Provided material
- Opening Delimiter -

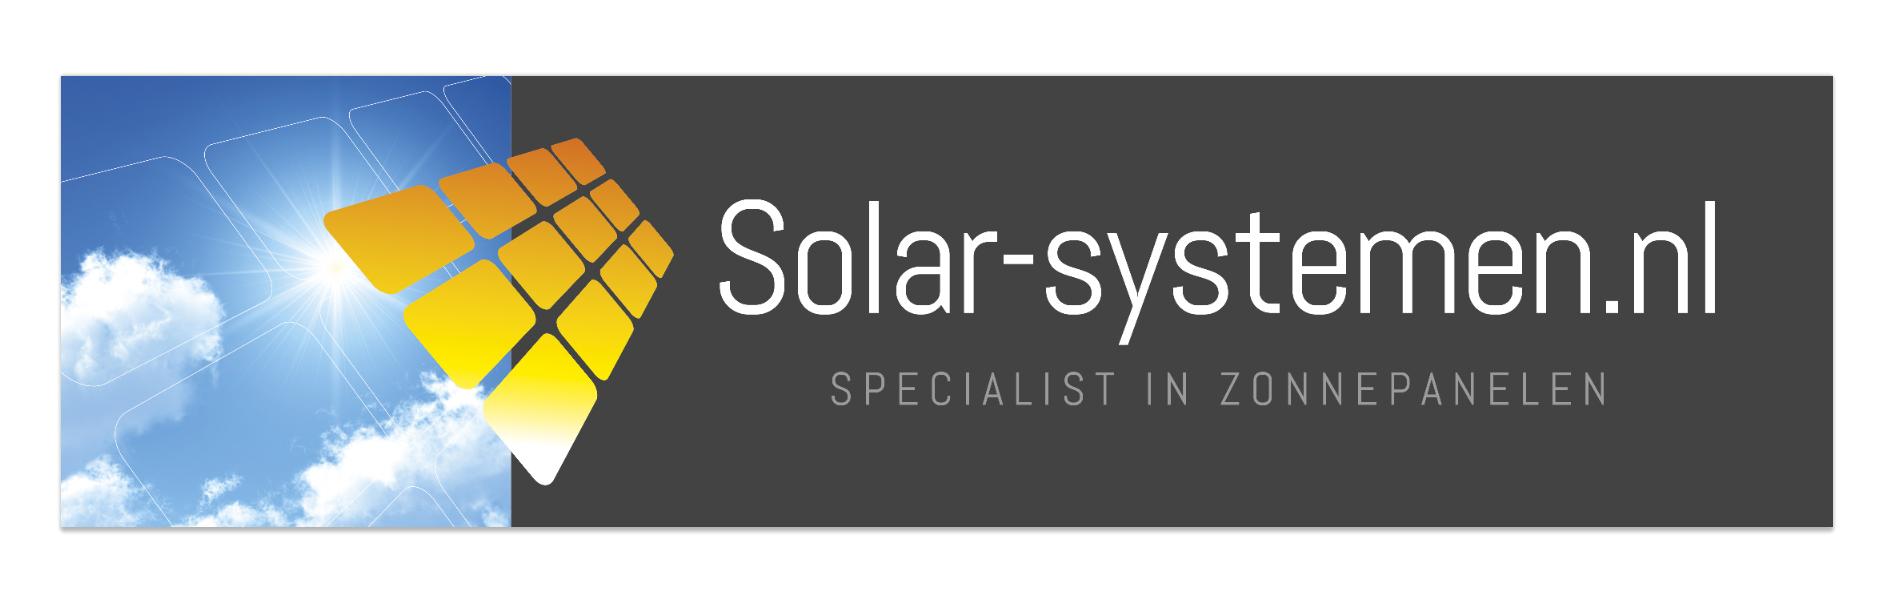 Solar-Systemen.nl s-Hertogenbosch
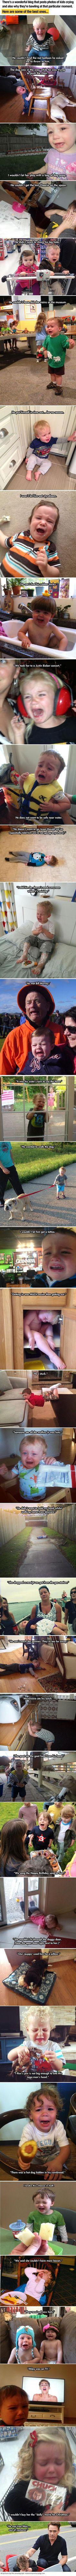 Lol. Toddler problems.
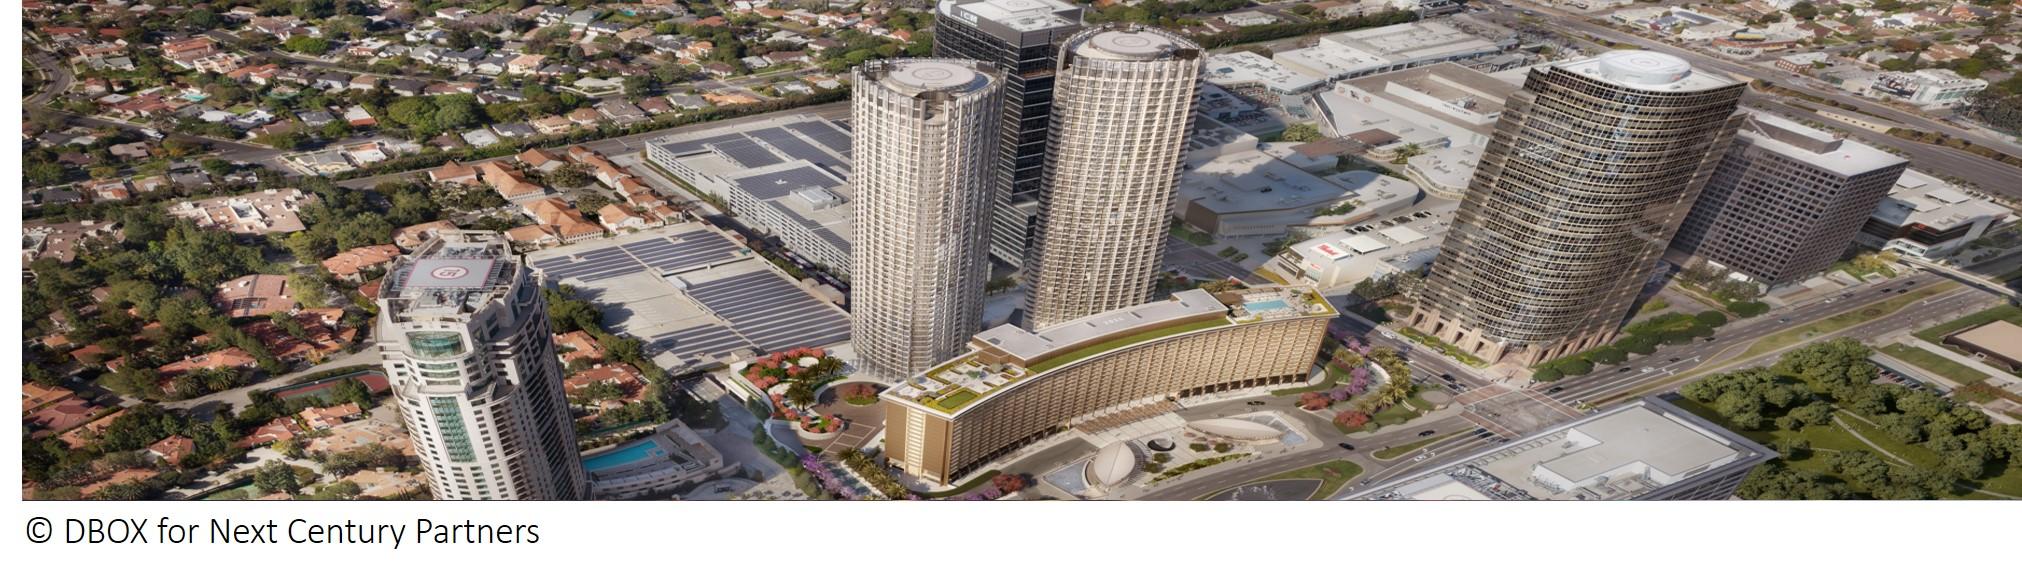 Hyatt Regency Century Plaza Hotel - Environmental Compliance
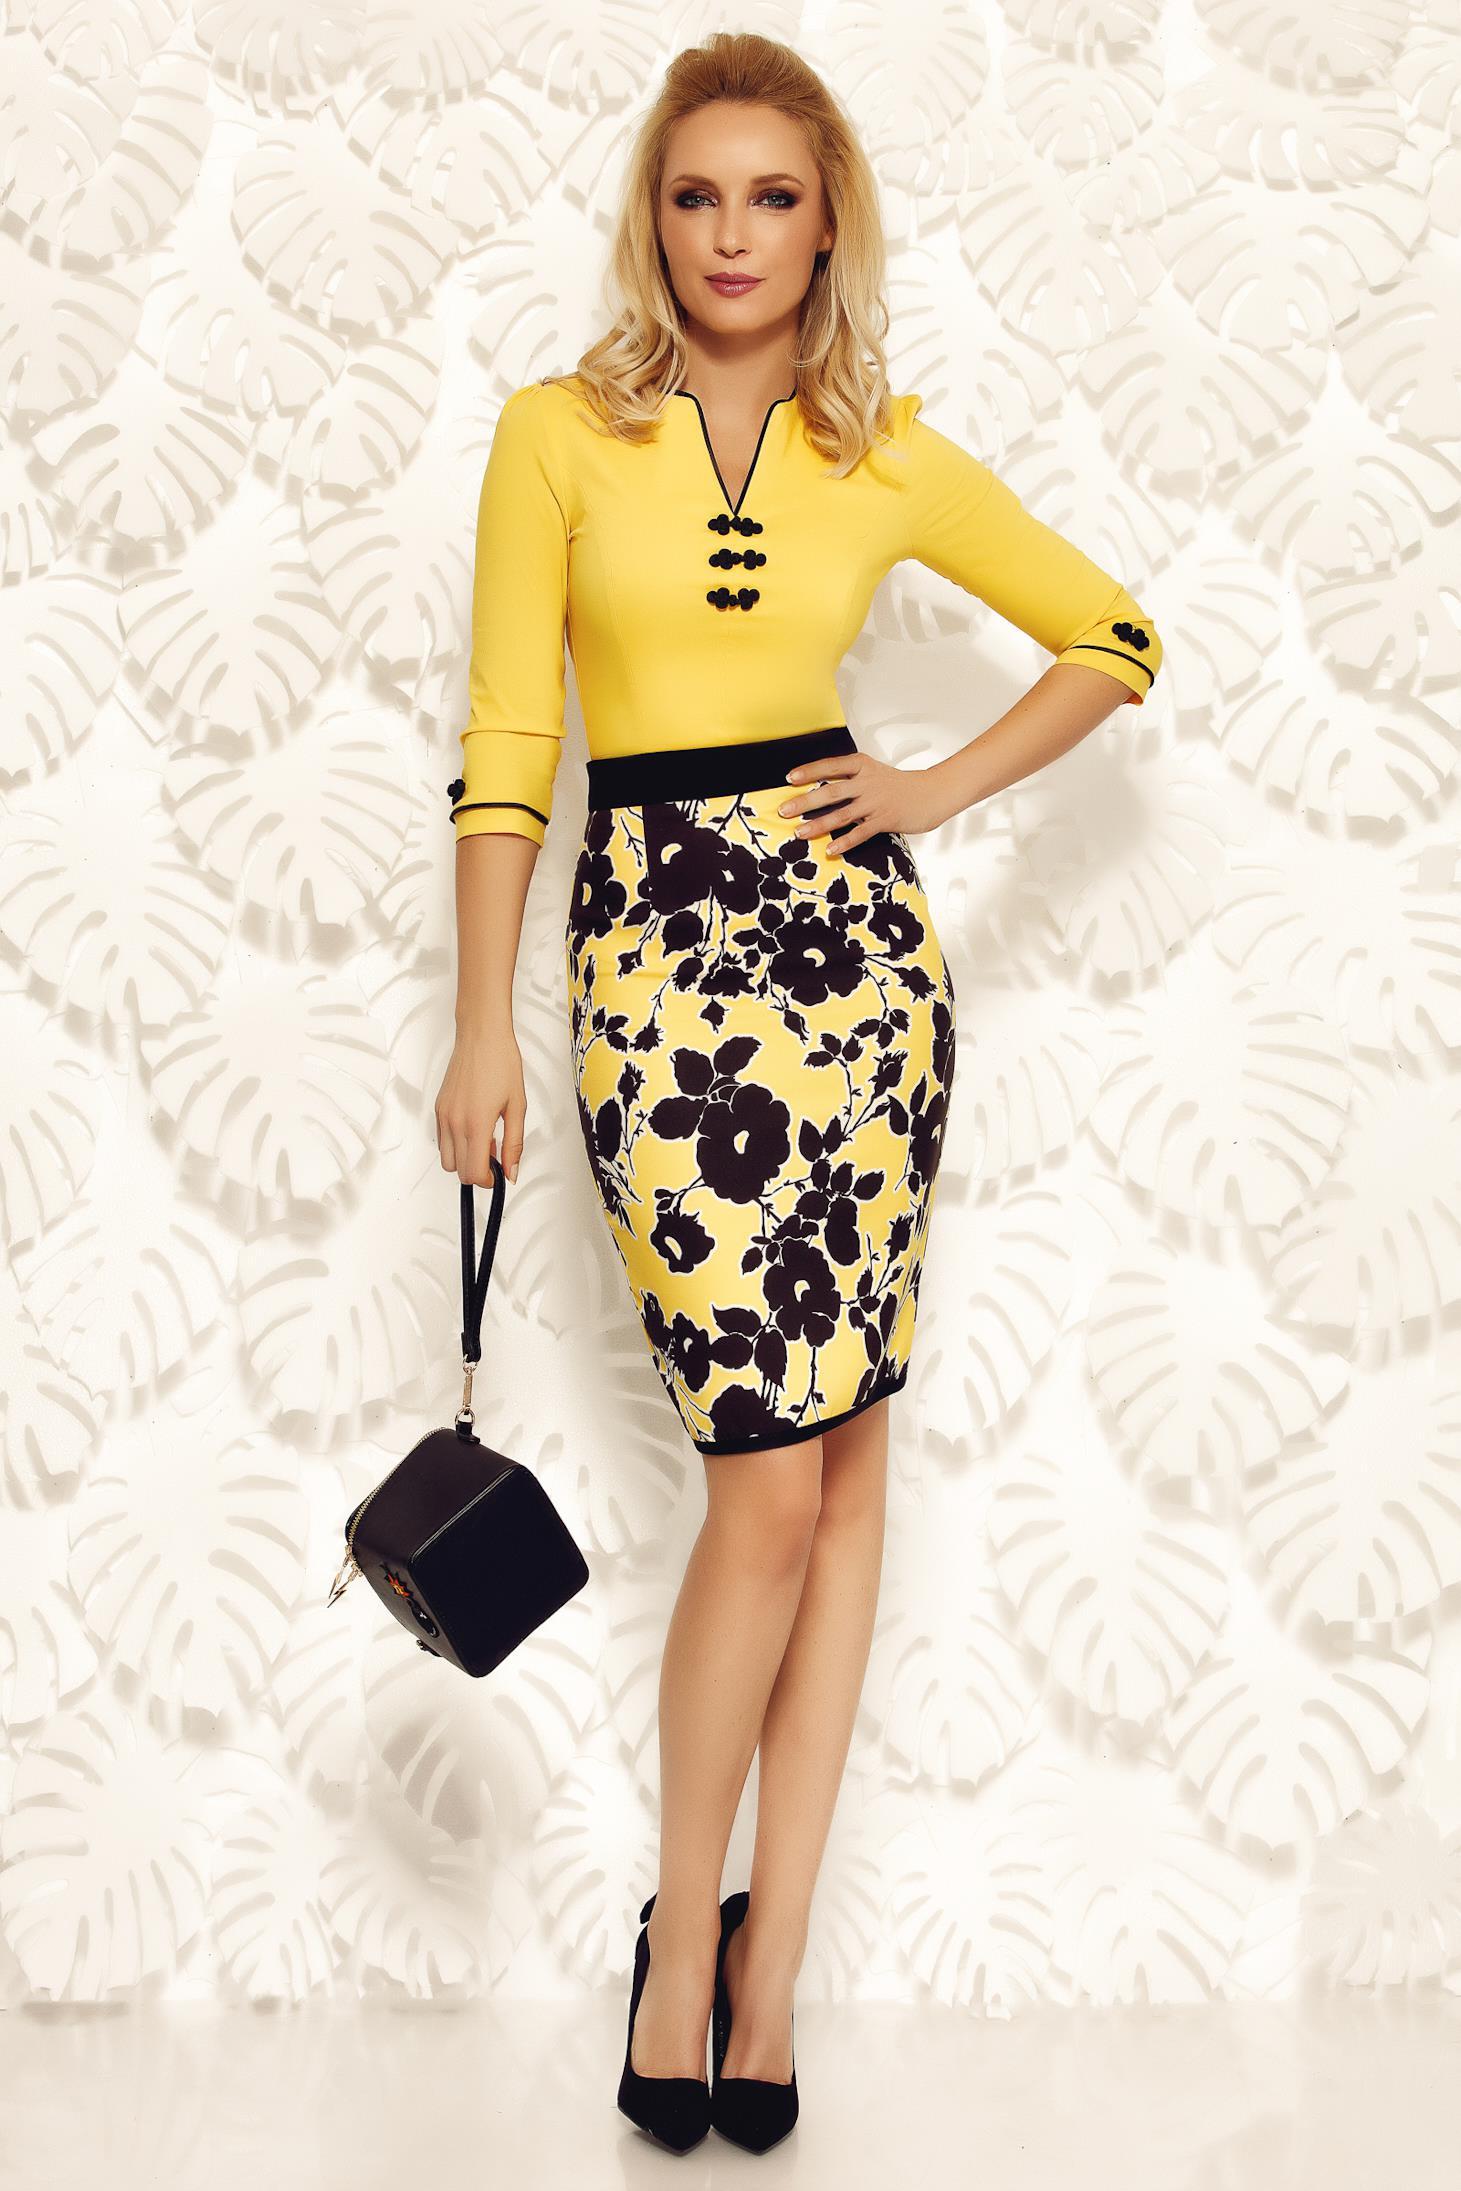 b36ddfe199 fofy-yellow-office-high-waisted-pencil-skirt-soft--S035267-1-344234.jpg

- Closing Delimiter -

Could you set down the data exactly as given, minus its pictures?

Exercise response
 Solar-Systemen.nl s-Hertogenbosch
 Lol. Toddler problems.
 Hyatt Regency Century Plaza Hotel - Environmental Compliance
 b36ddfe199 fofy-yellow-office-high-waisted-pencil-skirt-soft--S035267-1-344234.jpg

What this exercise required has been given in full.